American Mah Jongg (2018 NMJL card). In column #698, I suggested things to look for in examining a new card. In column #699, I offered a broad overview of the new 2018 card. In column #700, I zoomed in on four-pungs-and-a-pair, dragon pung, and flower pung hands. Let's look now at other repeating structures, starting with two-pungs-and-two-kongs.

It's worth pointing out that flower pungs are easier than pungs made from non-flowers (except, perhaps, when the hand requires two flower pungs). Flower kongs are likewise easier to make than kongs of non-flowers.
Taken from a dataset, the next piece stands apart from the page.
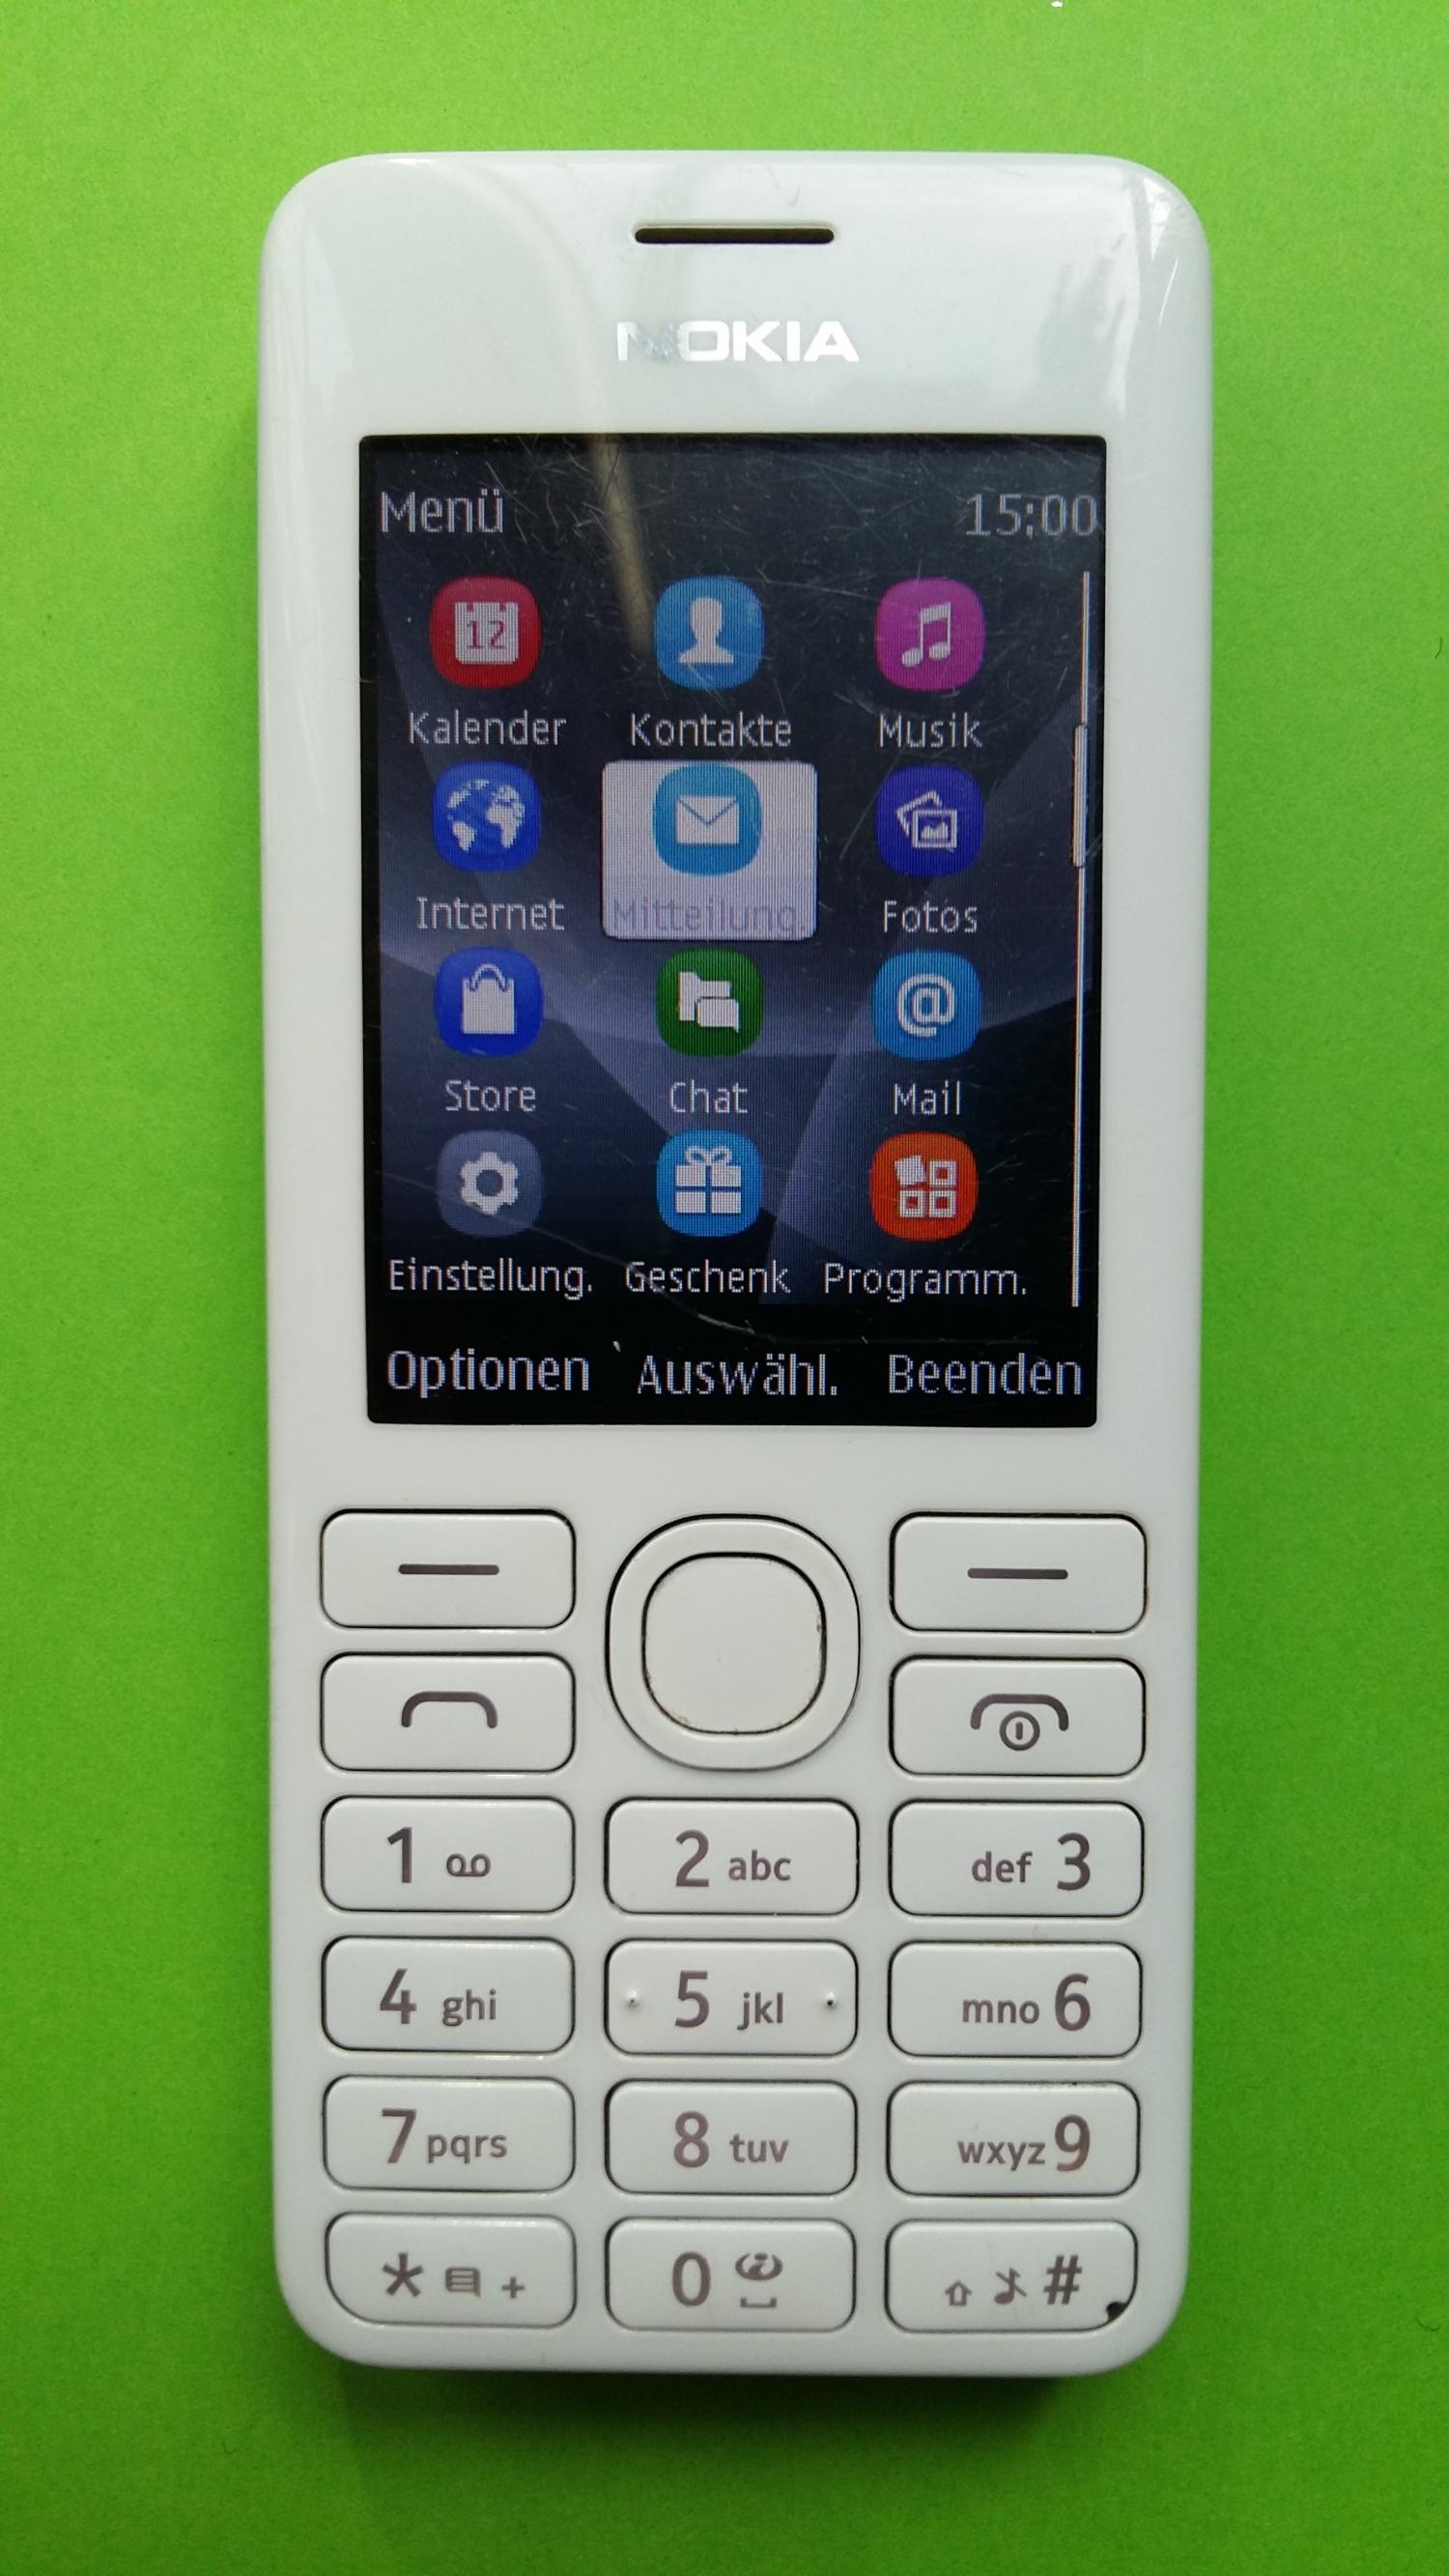 image-7299932-Nokia 206.1 Asha (2)1.jpg

Another repeating structure is three-kongs-and-a-pair. Three-kongs-and-two-singles is actually a slightly easier structure; but let's lump those, as well, into this category.

Another repeating structure is "two pairs, two pungs, and a kong."
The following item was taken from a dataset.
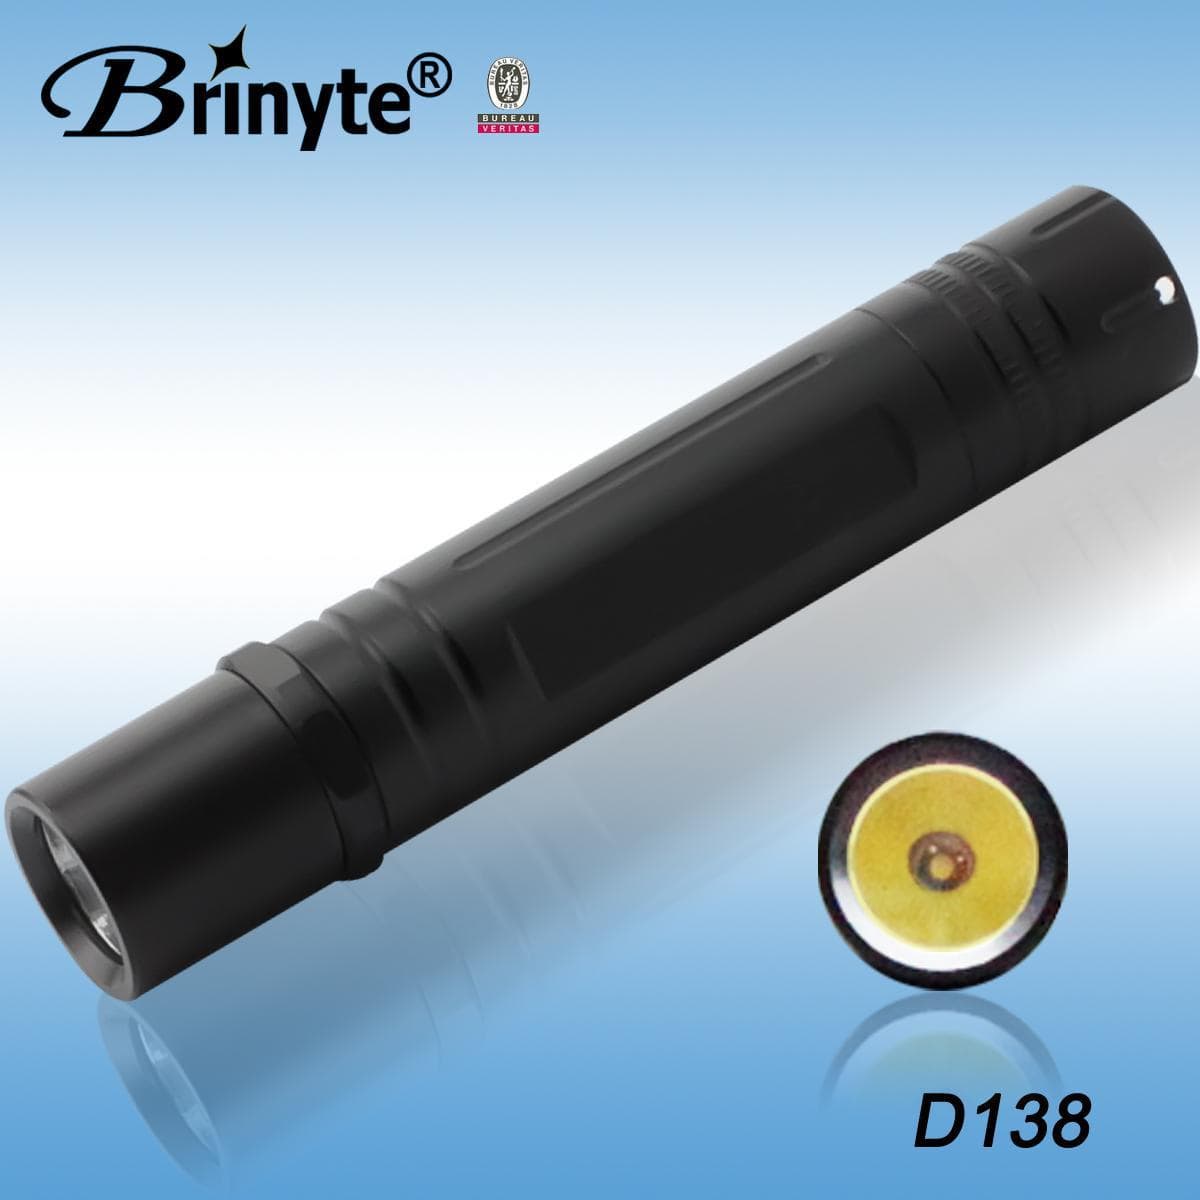 Brinyte D138 Cree XML U2 Portable  LED Camping Flashlight

Two-pair hands are usually 25¢ but three-pair hands are always worth 30¢. More pairs = greater difficulty.

"What good is it to look at hand structures," you may ask. Looking at repeating structures rather than "families" (evens, odds, consec, etc.) lets you break out of the pigeonhole mentality, revealing "unadvertised" categories and giving you a holistic view of the card's "grand tapestry."

Knowledge of pairs hands is important for making decisions about what hand to go for (offense). If you don't have the pairs needed for a hand, then you know you should go for something else. If you know an opponent needs a pair, you know not to discard it.

Knowledge of hands that use pungs and kongs is important for knowing what tiles to discard (defense). The only information you can get about an opponent's hand (other than what tiles she discards and what tiles she does not claim) is from her exposures: mostly pungs and kongs. Knowledge of those "unadvertised" categories helps when an opponent is showing a pung and a kong, or two pungs, or two kongs.